REQUIRED ACTION:
From the first line to the last, restate the material word for word; pictures stay out.

DATA:
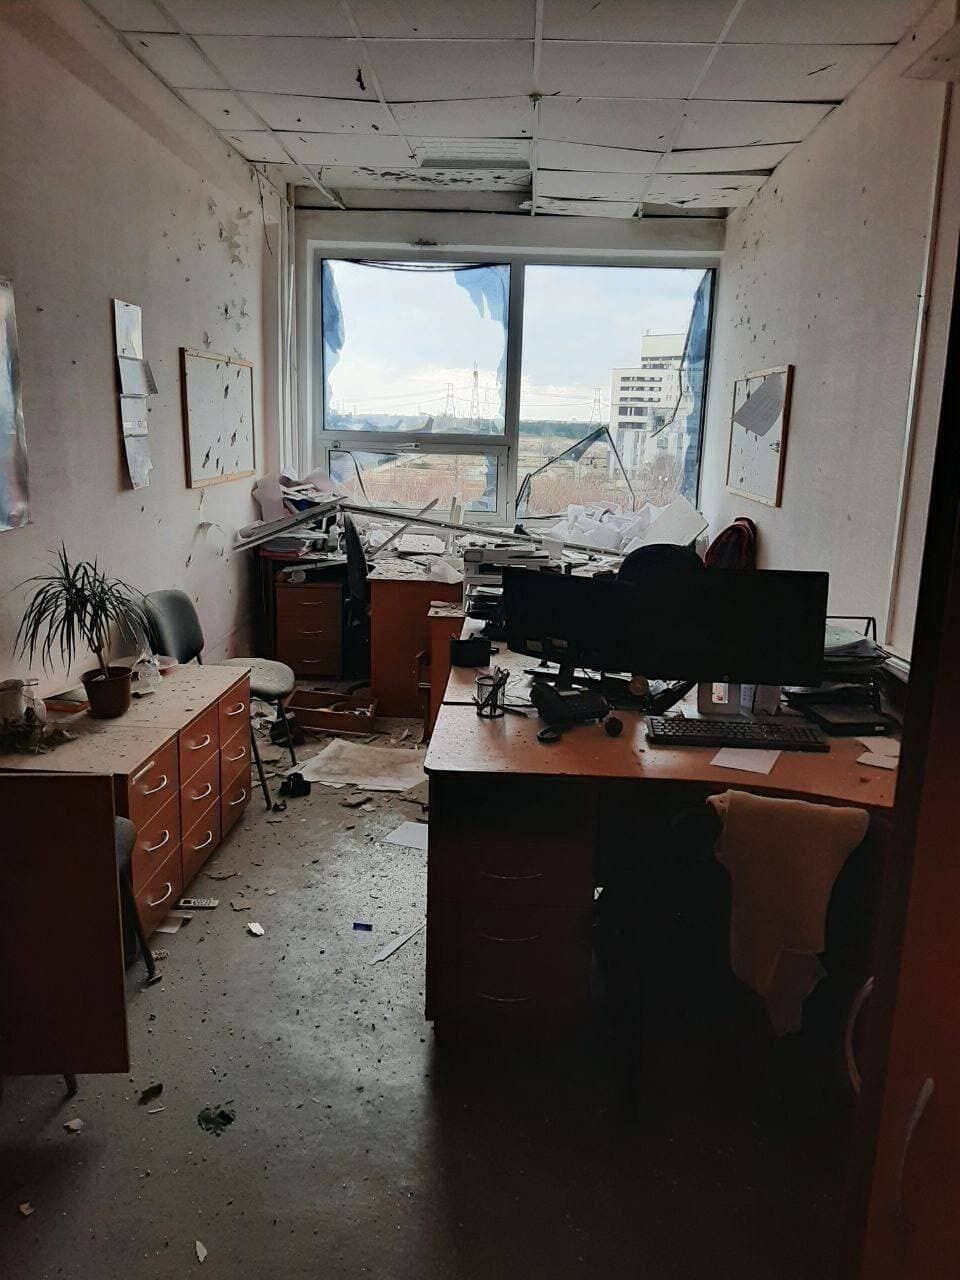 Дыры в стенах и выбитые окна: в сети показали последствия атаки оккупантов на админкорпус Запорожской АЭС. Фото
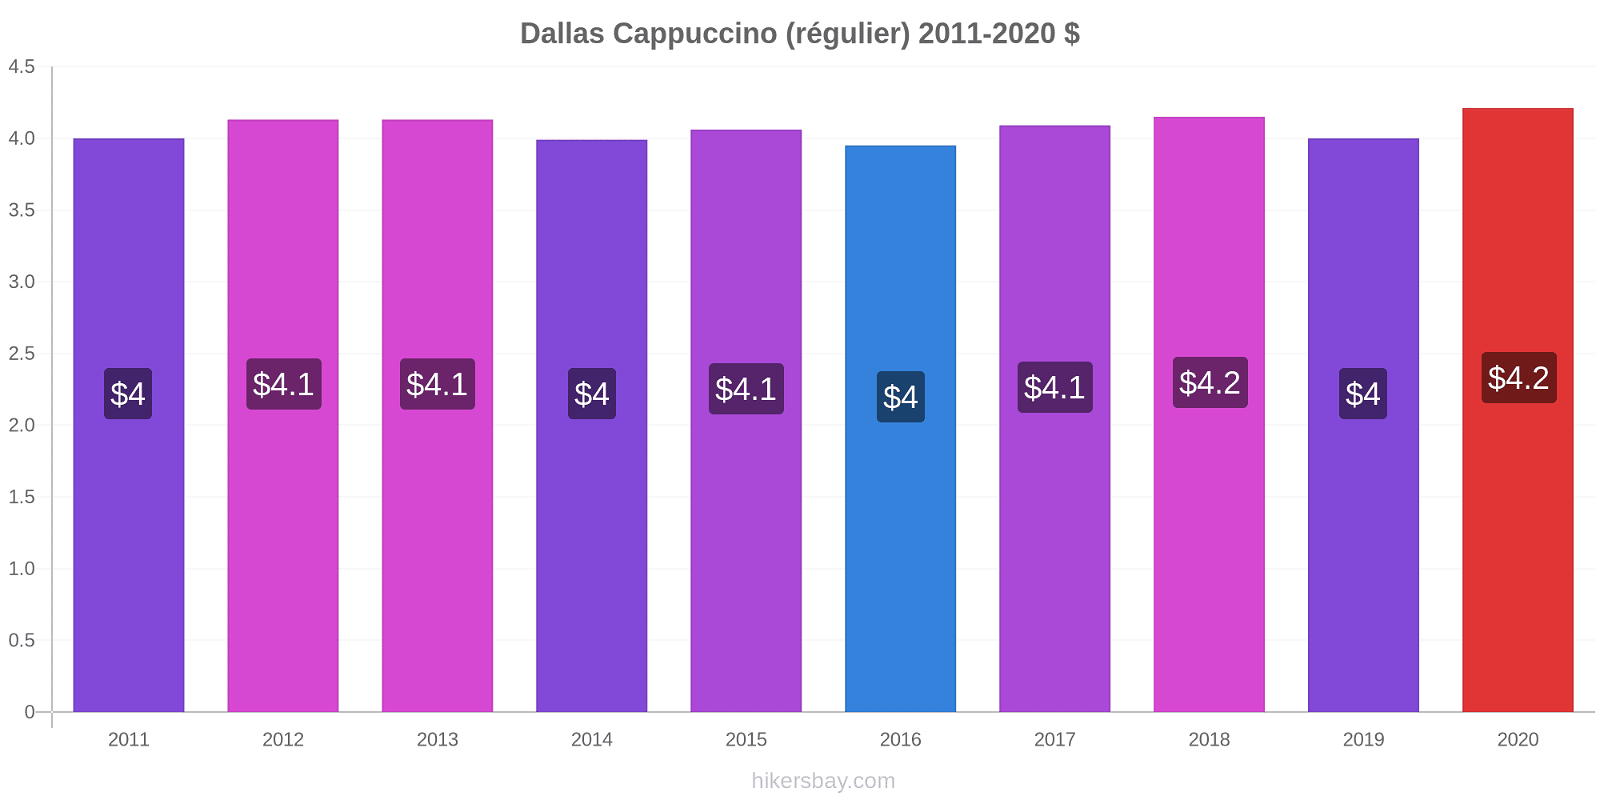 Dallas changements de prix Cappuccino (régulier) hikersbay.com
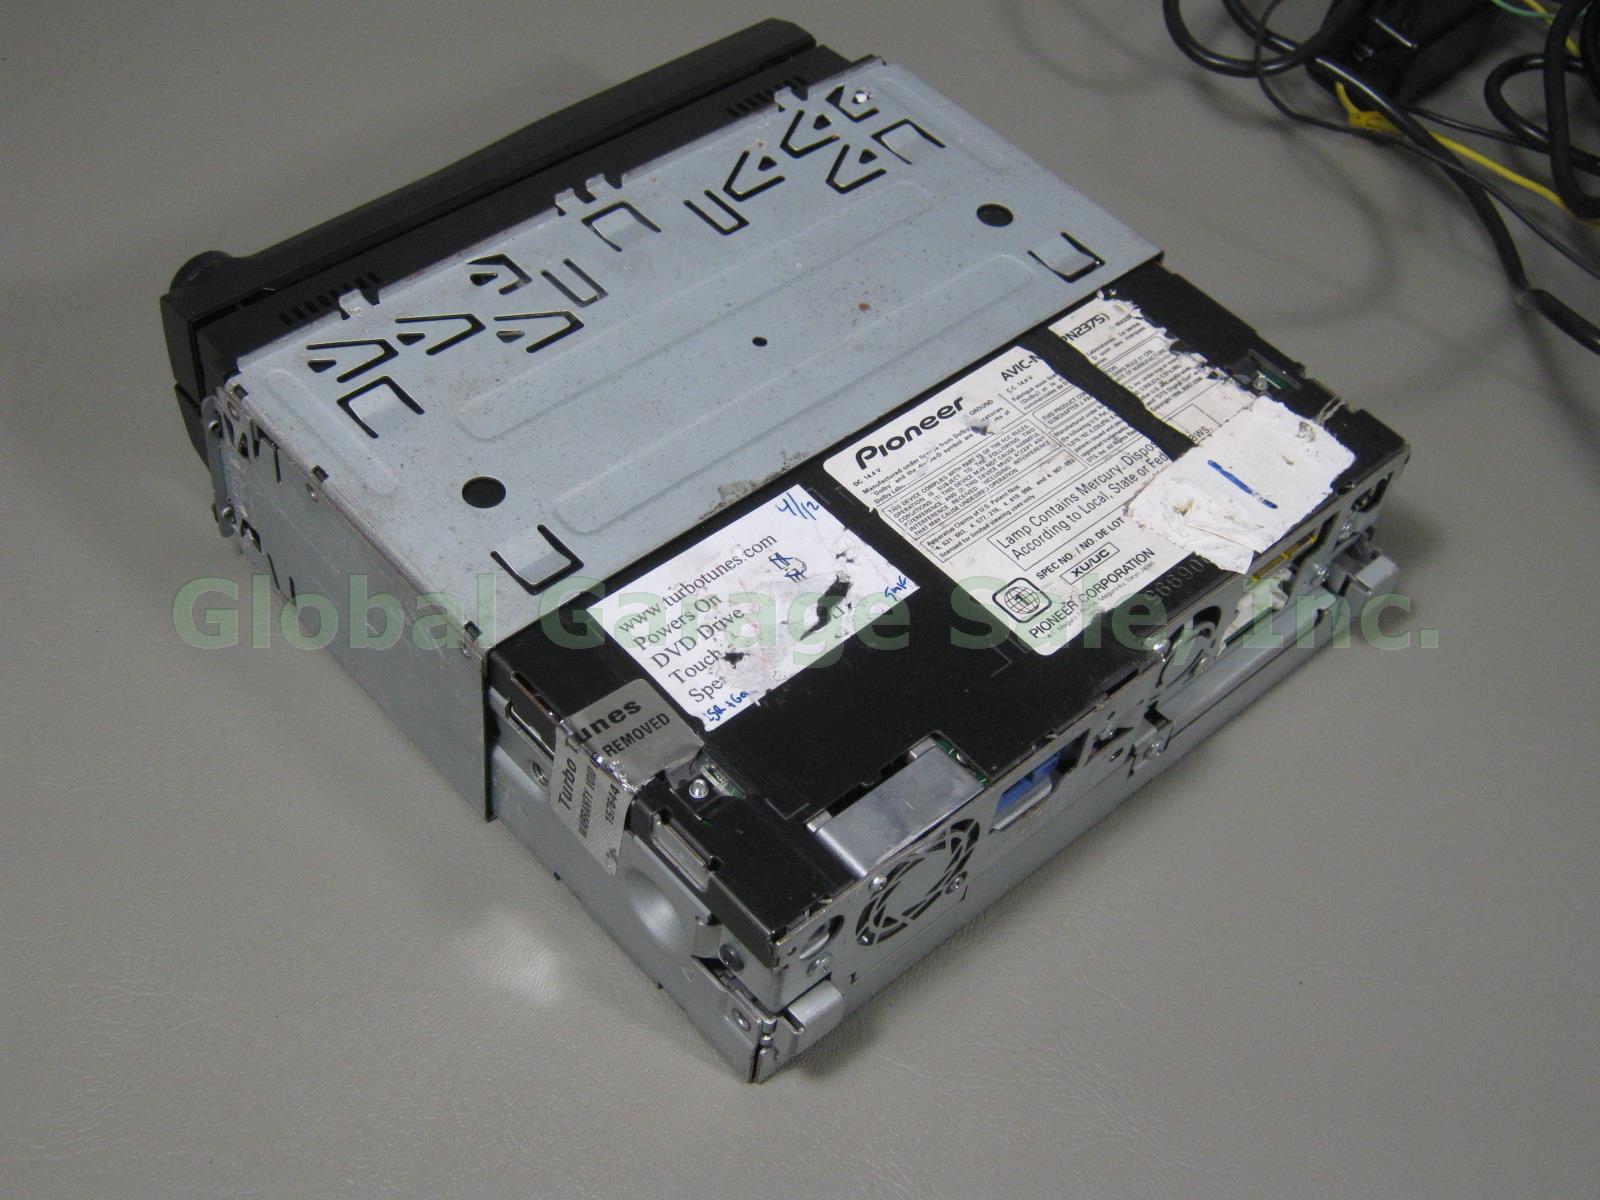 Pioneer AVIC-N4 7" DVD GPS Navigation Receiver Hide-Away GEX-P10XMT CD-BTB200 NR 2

TASK ANSWER:
 Дыры в стенах и выбитые окна: в сети показали последствия атаки оккупантов на админкорпус Запорожской АЭС. Фото
 Dallas changements de prix Cappuccino (régulier) hikersbay.com
 Pioneer AVIC-N4 7" DVD GPS Navigation Receiver Hide-Away GEX-P10XMT CD-BTB200 NR 2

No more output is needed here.